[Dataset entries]
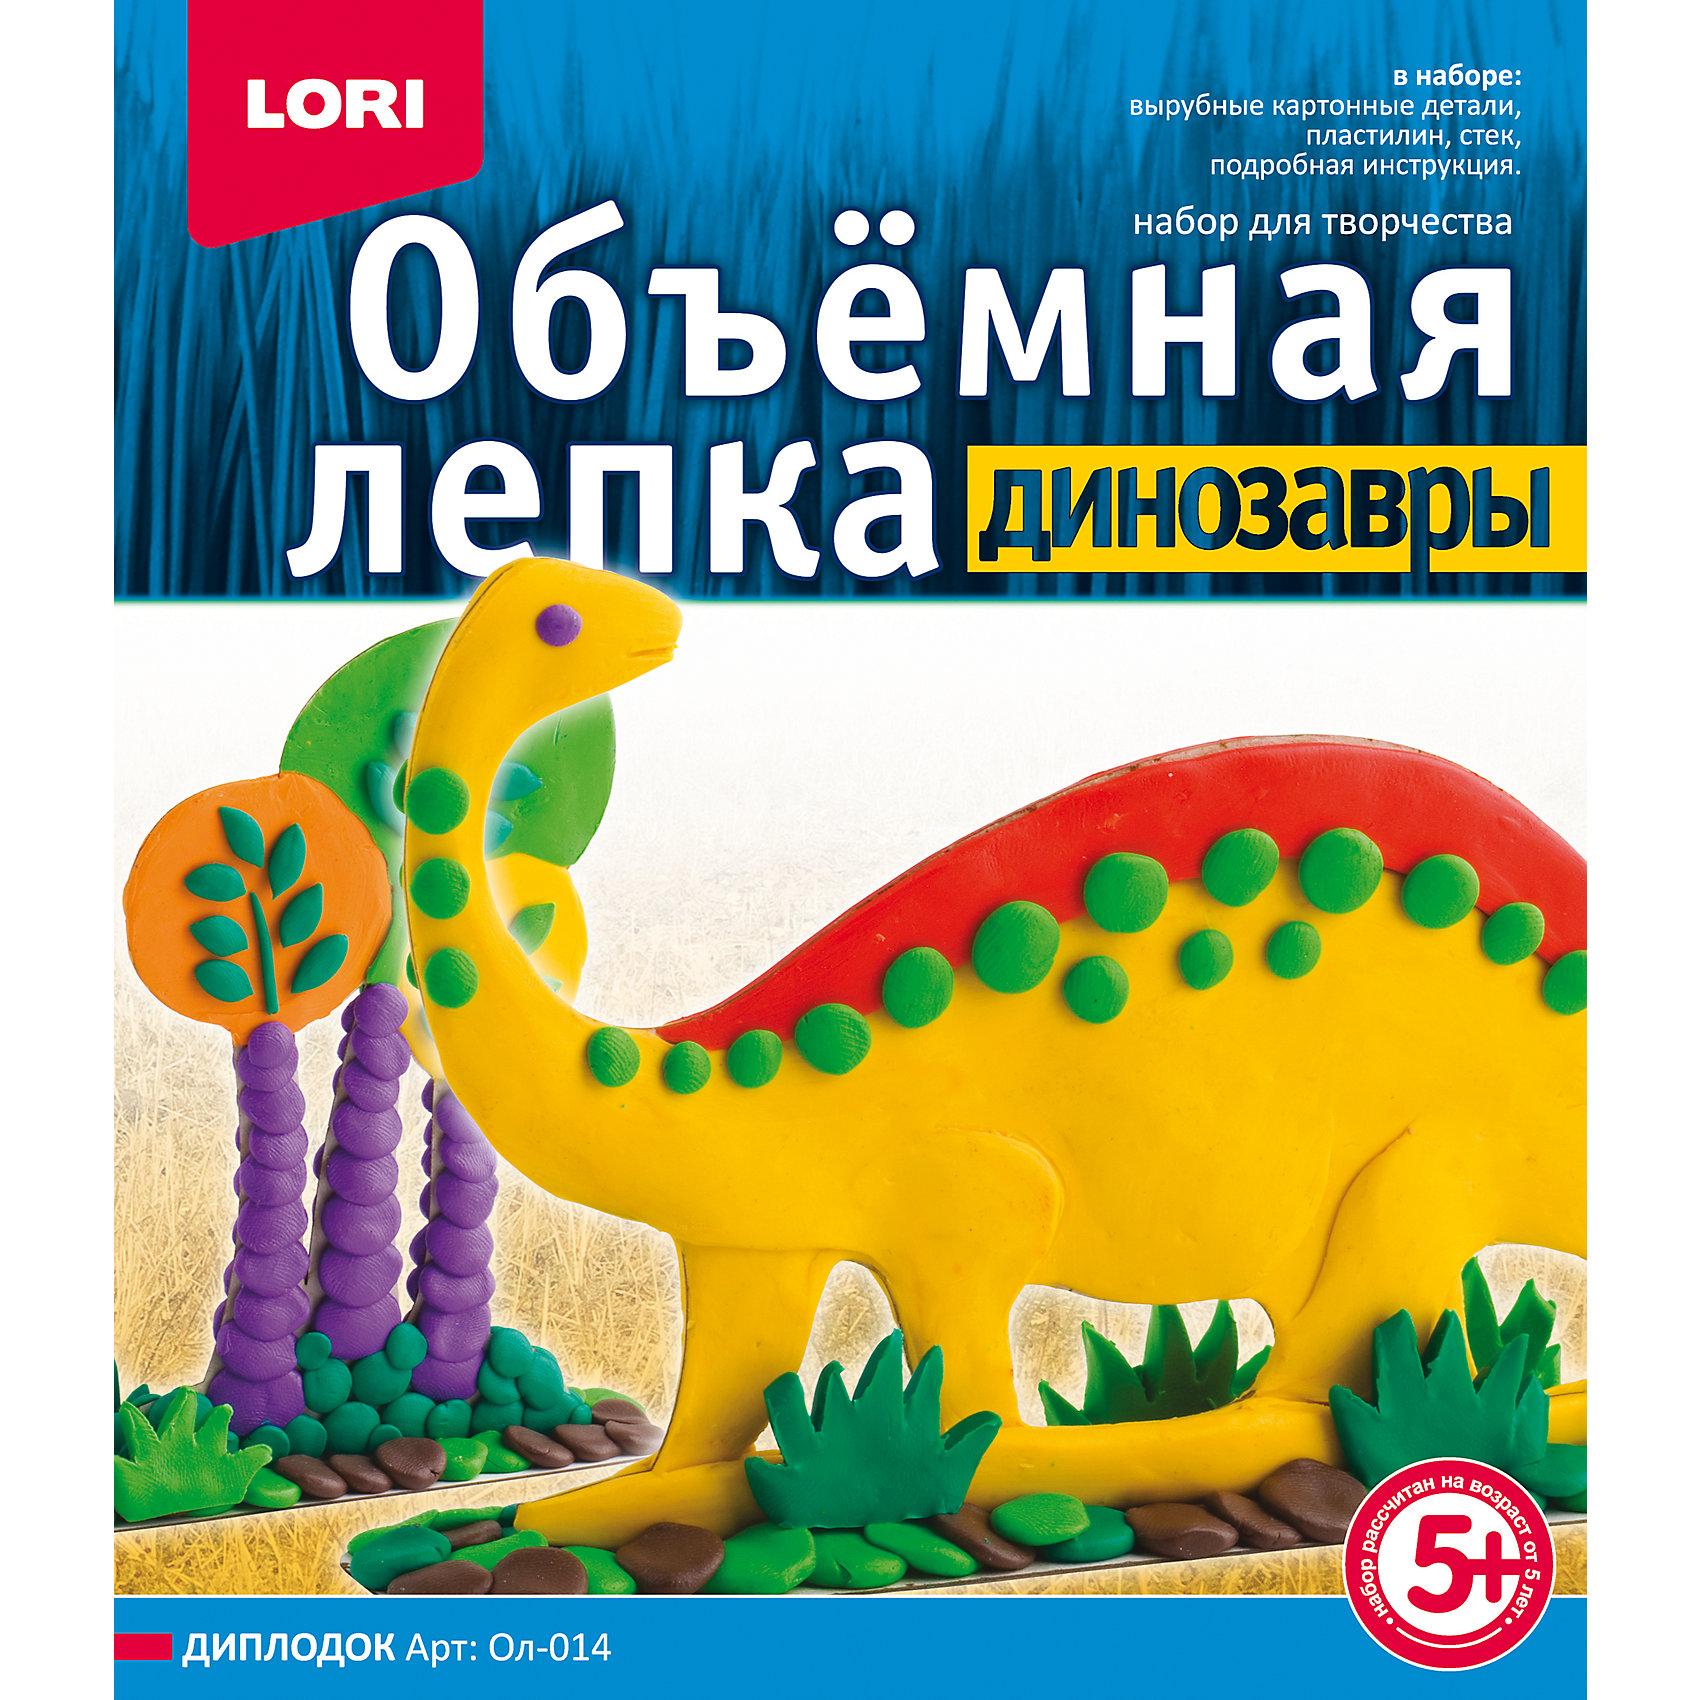 LORI Лепка объемная, Динозавры Диплодок lori пластилин тачки 16 цветов
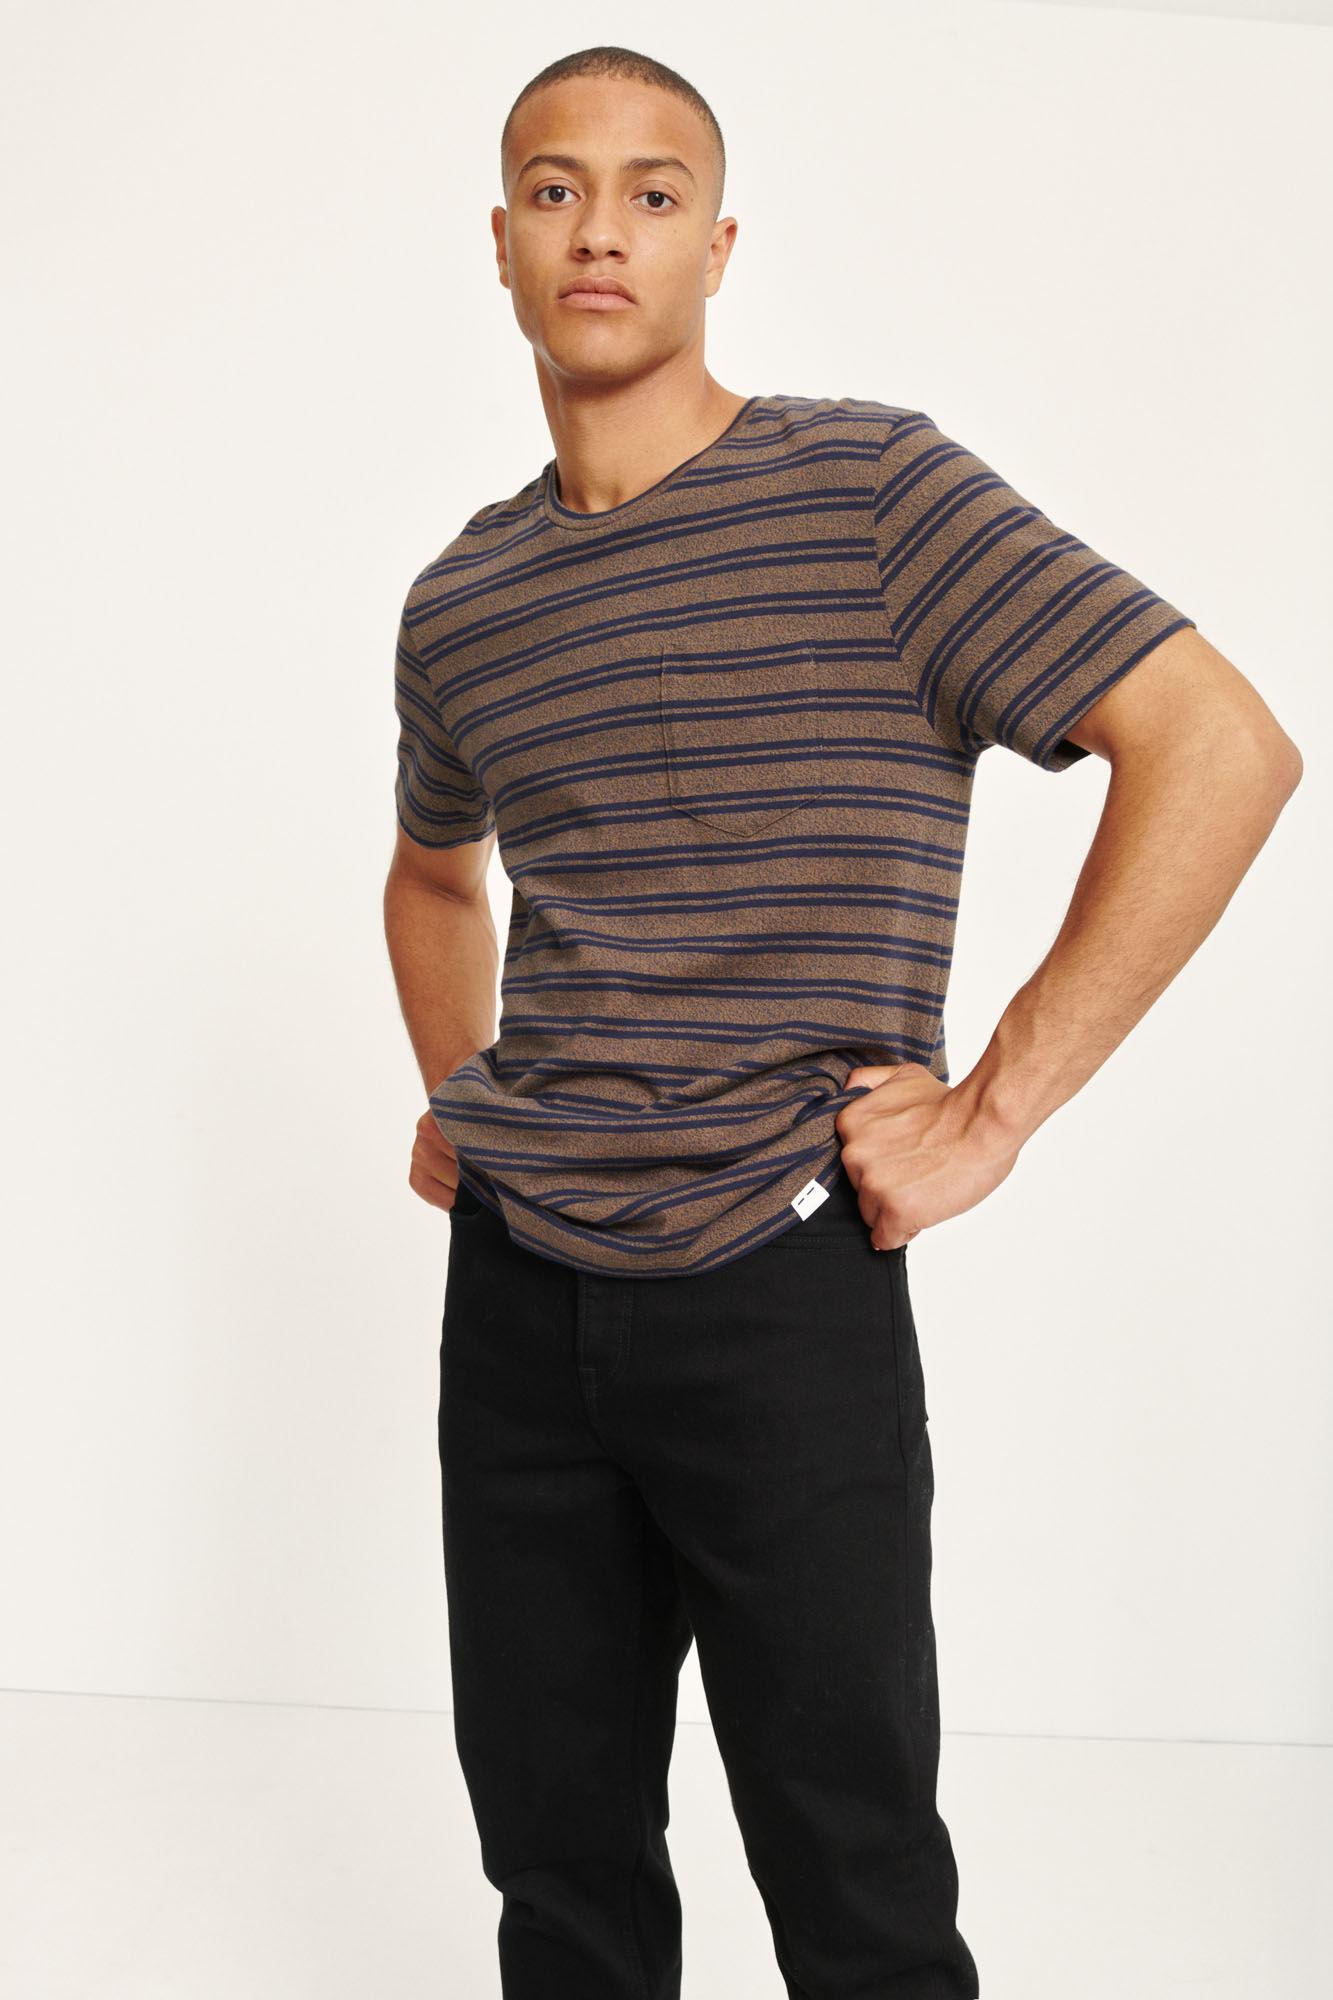 Carpo T-Shirt St Kangaroo Brown Blue Stripe 7888-1
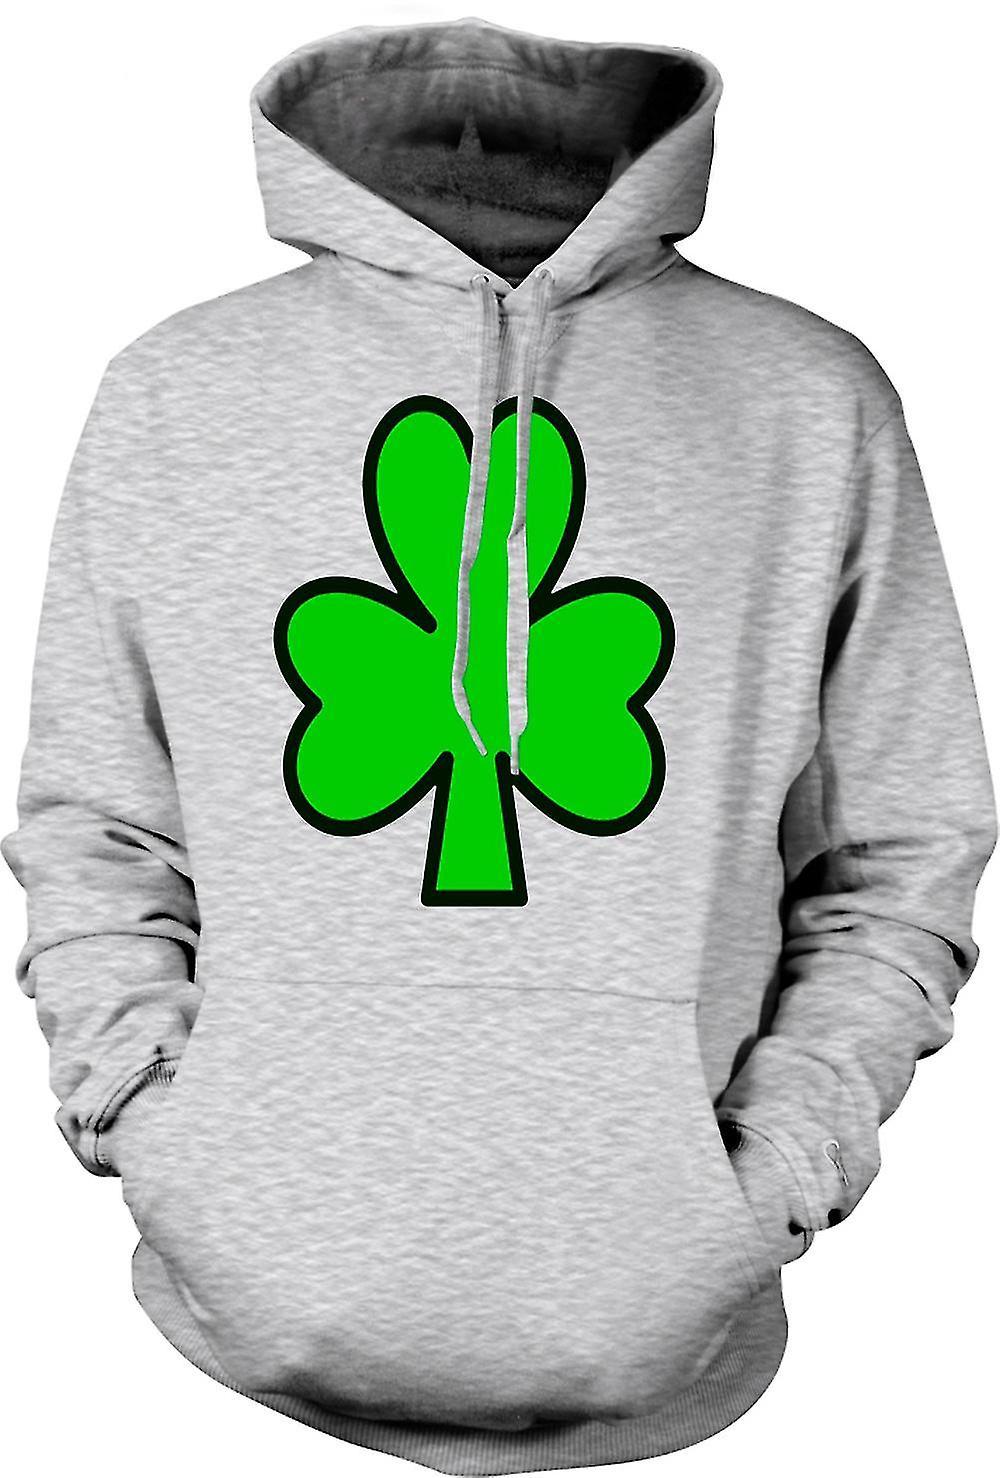 Mens Hoodie - trèfle irlandais - Funny
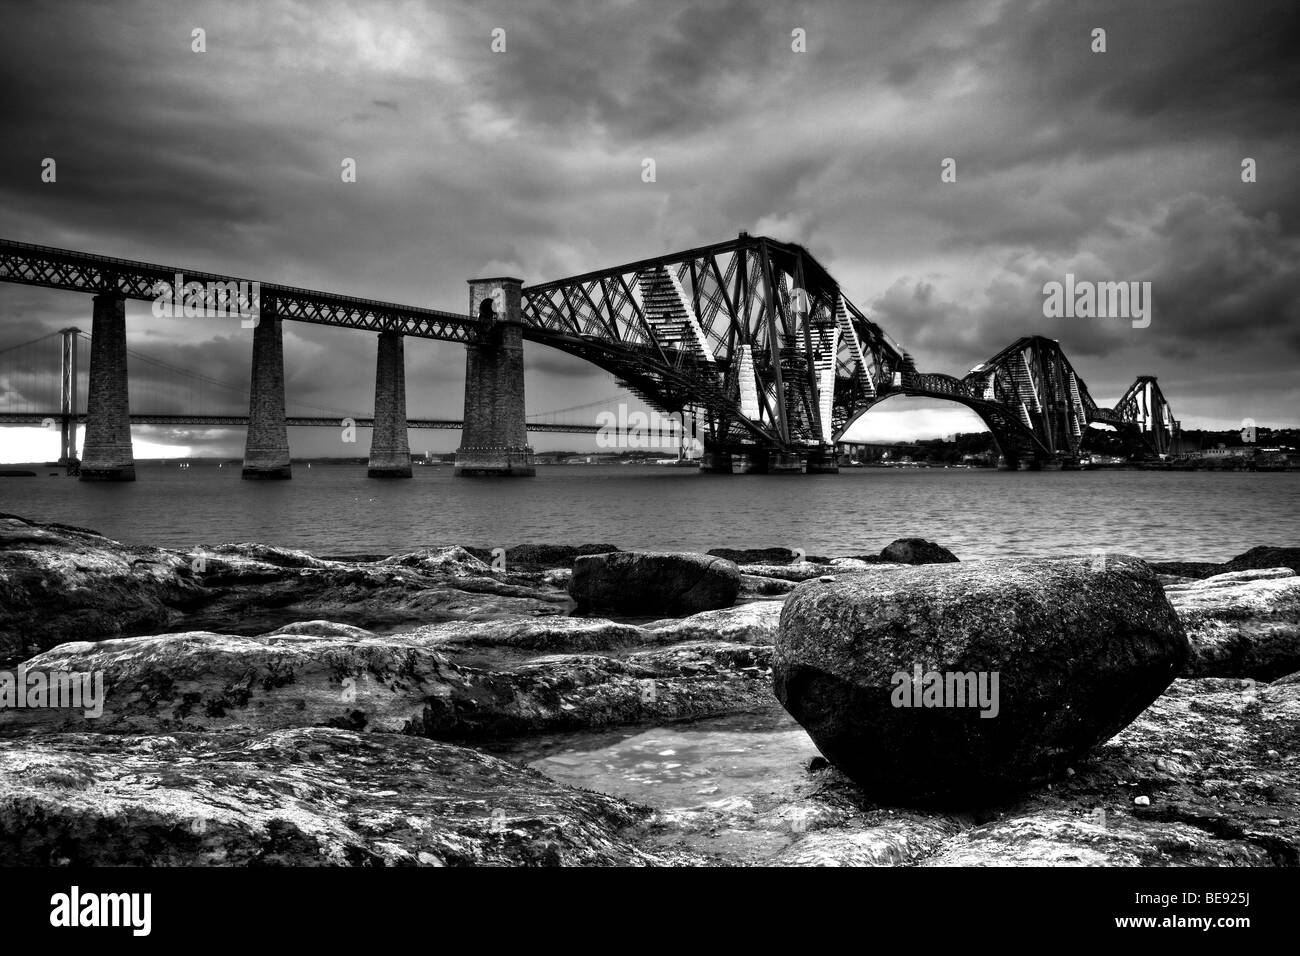 The Forth Railway Bridge in Edinburgh, Scotland, United Kingdom, Europe - Stock Image
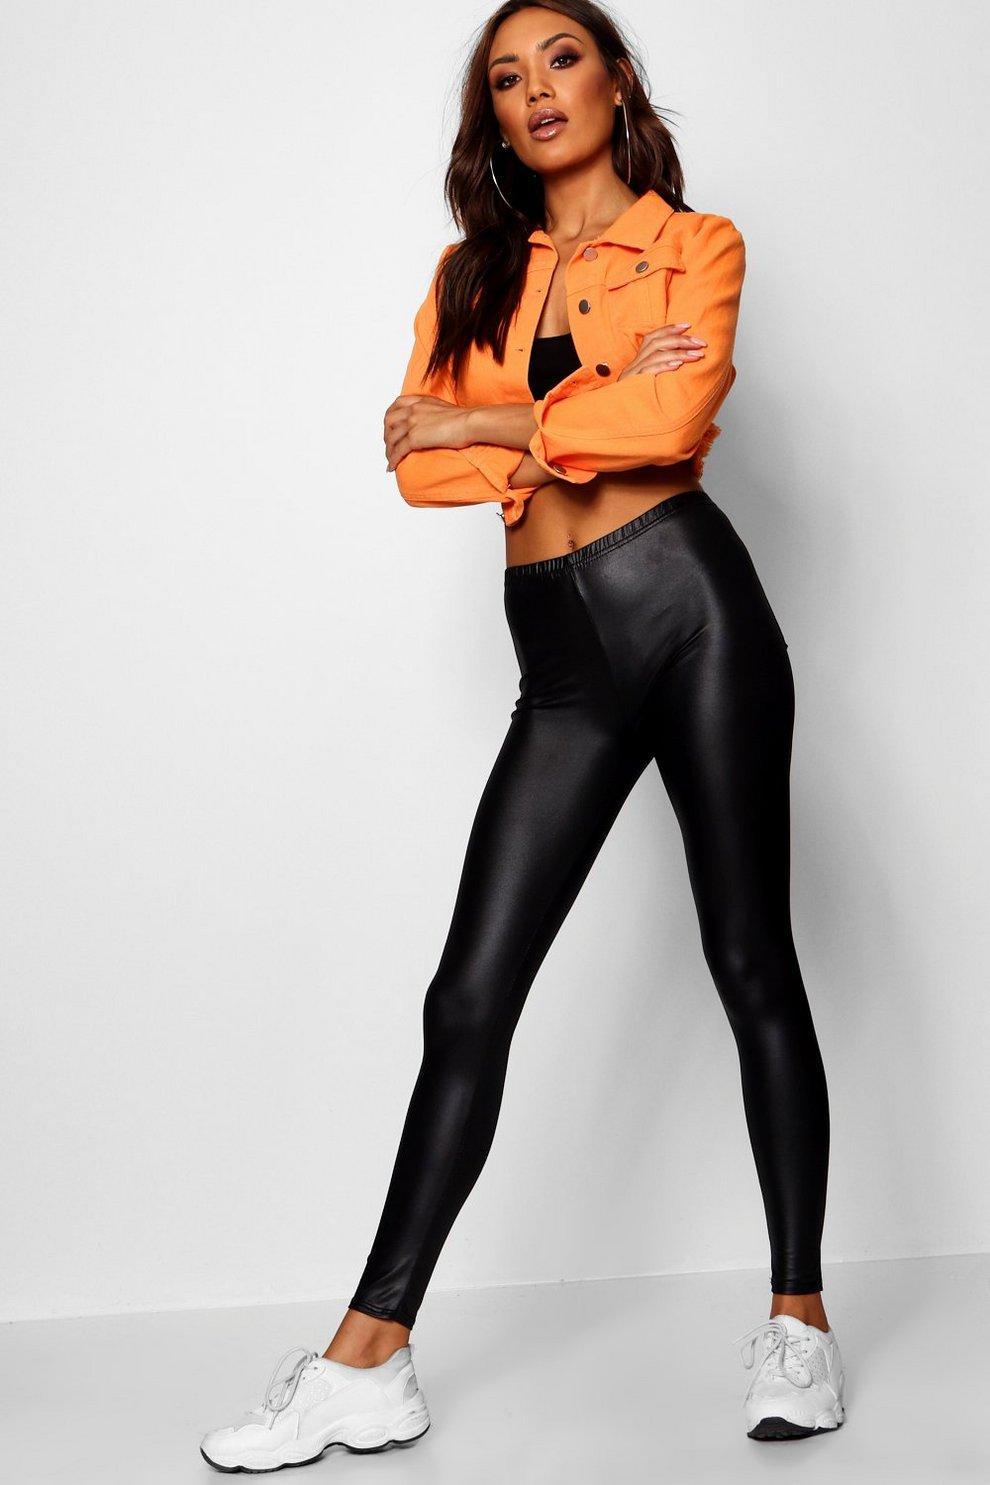 Boohoo Neri Sportivi Scritta Leggings Con Woman Y67bgfy

#### Work required
Restate word for word the lines that begin at the one containing "The Forth Railway" and end with the final line of the records. Pictures stay out.

#### Reply to the task
 The Forth Railway Bridge in Edinburgh, Scotland, United Kingdom, Europe - Stock Image
 Boohoo Neri Sportivi Scritta Leggings Con Woman Y67bgfy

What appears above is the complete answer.